Julie Loeffler gets irritated whenever she hears someone fret about the specter of "socialized medicine" coming to the United States.
Loeffler experienced socialized medicine first-hand, when she and her husband lived in Quebec. She was pregnant with her first child at the time and facing some complications. But Canada's health care was some of the best medical care she's ever had, says Loeffler, whose husband is a doctor.
"I sat in a clinic with women from all walks of life," she says. "There were well-off people. There were middle-class people. There were poor people. Everybody was treated the same way.
"You tell me this is a system to be afraid of? It's not."
Loeffler is frustrated that so many people admit that a single-payer system is the best solution, yet also say it's not politically possible. "There's value in saying, 'This is the ideal, let's see how far away we are from it.'"
Dr.
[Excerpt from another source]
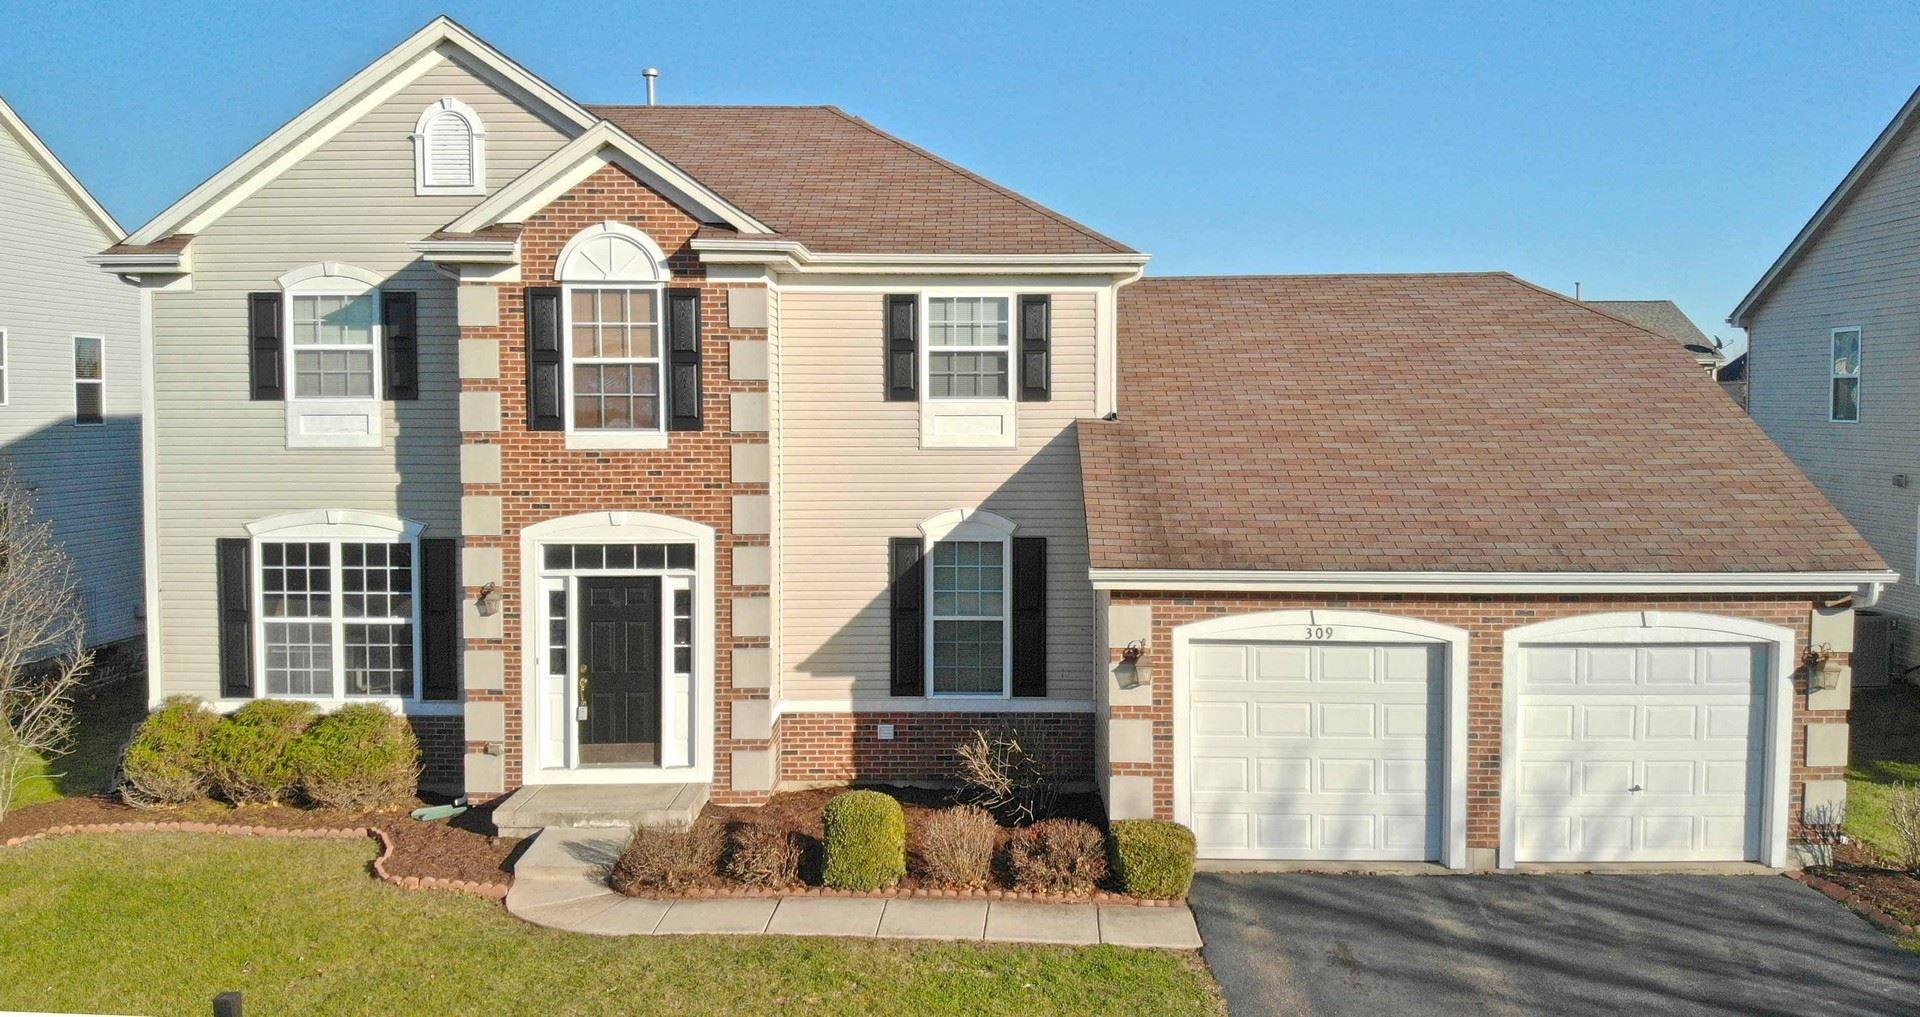 Photo of 309 Hemlock Lane, Oswego, IL 60543 (MLS # 10936488)

Jerry Sielaff, a retired associate professor of medicine at UW, has advocated for universal health care for years and will speak at the rally. "If the goal of doing health care reform is to make sure 100% of the population can have access to health care," he says, then a single-payer system "is the only means of doing that."
Sielaff is a supporter of President Obama, but thinks the president is "still a little vague about what he wants to do" on health care.
Sielaff also fears the president's proposal would still leave many people uninsured. "I think his heart is in the right place, but I think he's bending to political pressure and saying 'It's the best we can do,'" Sielaff says. "It's not the best we can do."
Next Wednesday, June 17, Sielaff will be part of a panel debating health-care reform at the First Unitarian Society, 900 University Bay Dr.